Nous sommes en pleine révolution de conscience. Lors des dernières années, des généticiens, des neuroscientifiques, des psychologues, des sociologues, des économistes, des anthropologues et d’autres ont fait de grandes avancées pour comprendre les fondements du développement humain. L’une des découvertes majeures de leur travail est que nous ne sommes pas le produit primaire de notre pensée consciente. Nous sommes d’abord le produit de la pensée qui survient en-dessous du niveau de conscience.[1]

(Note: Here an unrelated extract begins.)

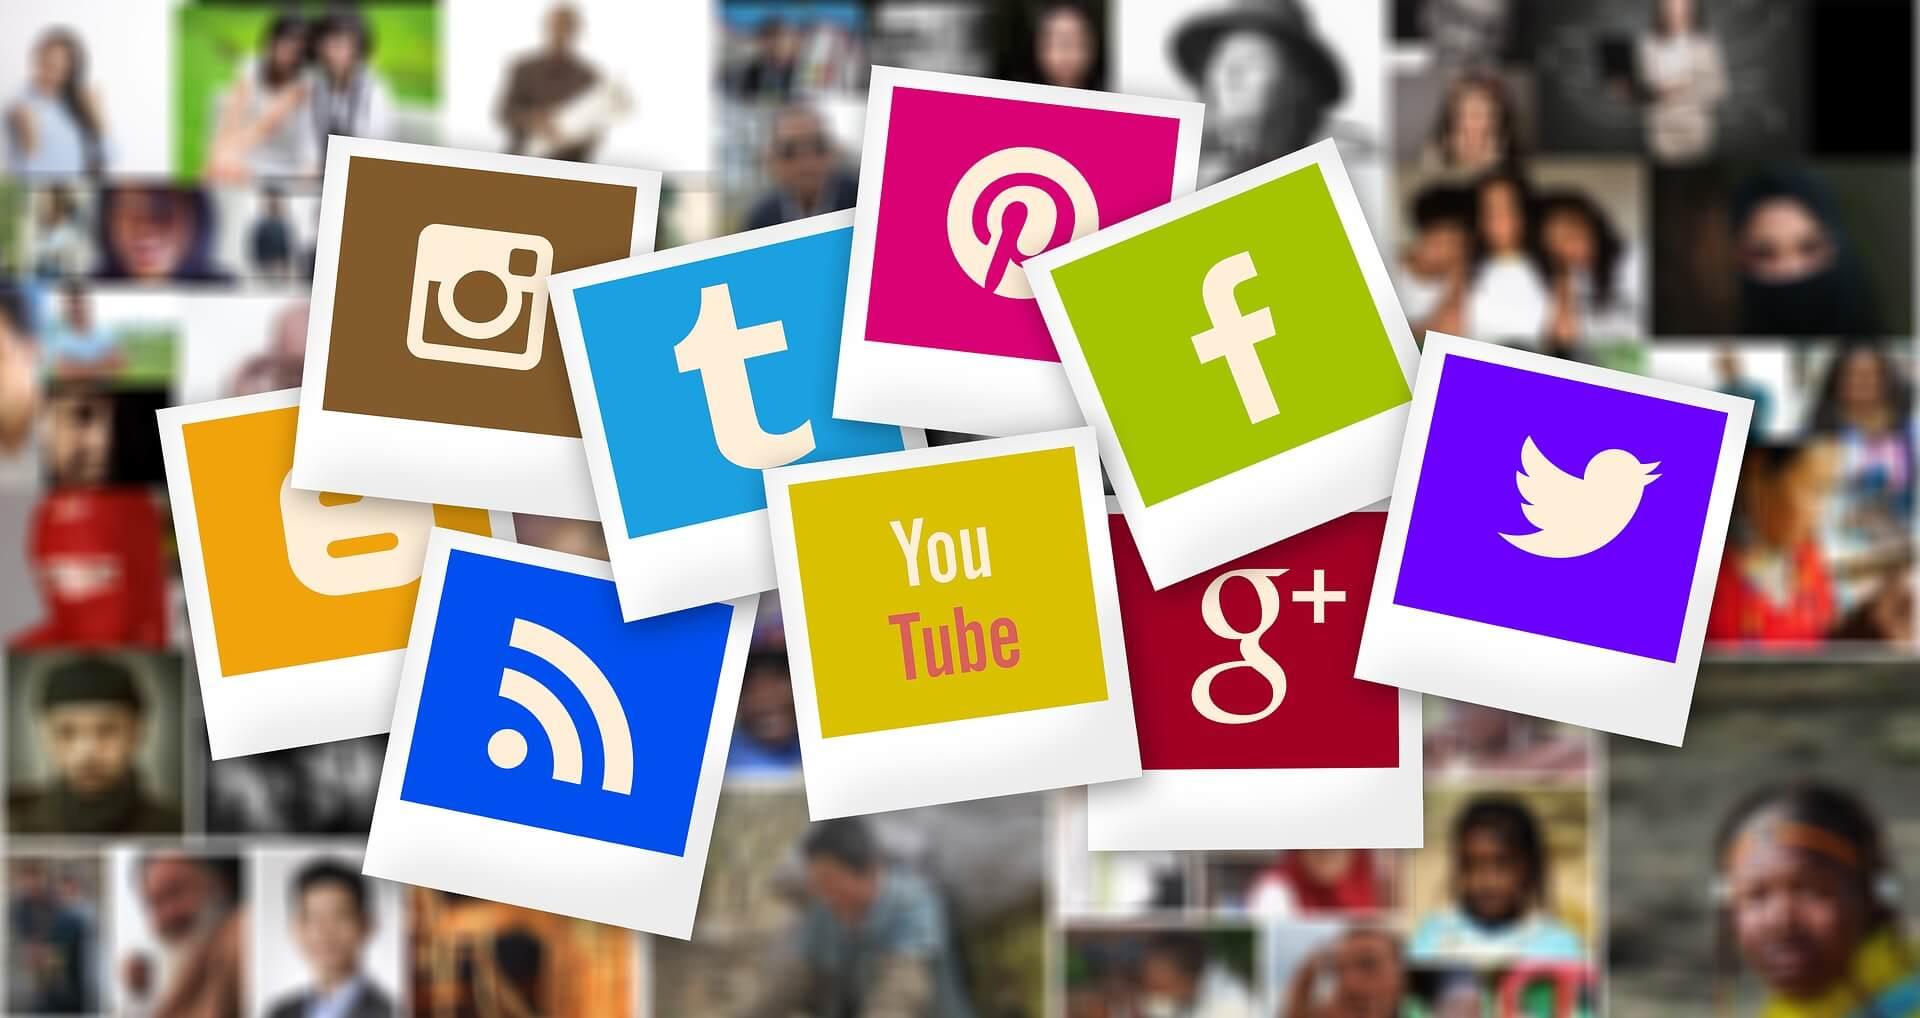 Polaroidova ikona Digitalni Marketing Za Družbene Medije

Trop de choses se produisent dans l’esprit pour que nous en soyons pleinement conscients. Timothy Wilson de l’université de Virginie estime que l’esprit humain peut absorber 11 millions d’informations à tout moment. Nous pouvons être conscient de seulement une minuscule fraction de cela. Une grande partie de ce qui se produit mentalement se situe en-dessous du seuil de conscience.

Un résultat de la nouvelle neuroscience est que nous prenons conscience de l’influence colossale de l’émotion dans la prise de décision. En France, les Lumières ont mis l’accent sur le rôle de la raison, percevant l’émotion comme une distraction et une distorsion. Nous savons désormais à quel point cela est scientifiquement faux.

Antonio Damasio, dans L’erreur de Descartes, raconte l’histoire d’un homme qui, suite à une tumeur, souffre de lésions sur les lobes frontaux de son cerveau. Il était connu pour son QI élevé, son niveau d’instruction et son excellente mémoire. Mais après une opération pour retirer la tumeur, sa vie a pris une mauvaise tournure. Il devint incapable de gérer son temps. Il fit de mauvais investissements qui lui coûtèrent ses économies. Il divorça d’avec sa femme, se maria à nouveau, puis divorça à nouveau rapidement. Il pouvait toujours raisonner parfaitement, mais il avait perdu la capacité de ressentir des émotions. Ainsi, il était incapable de faire des choix sensibles.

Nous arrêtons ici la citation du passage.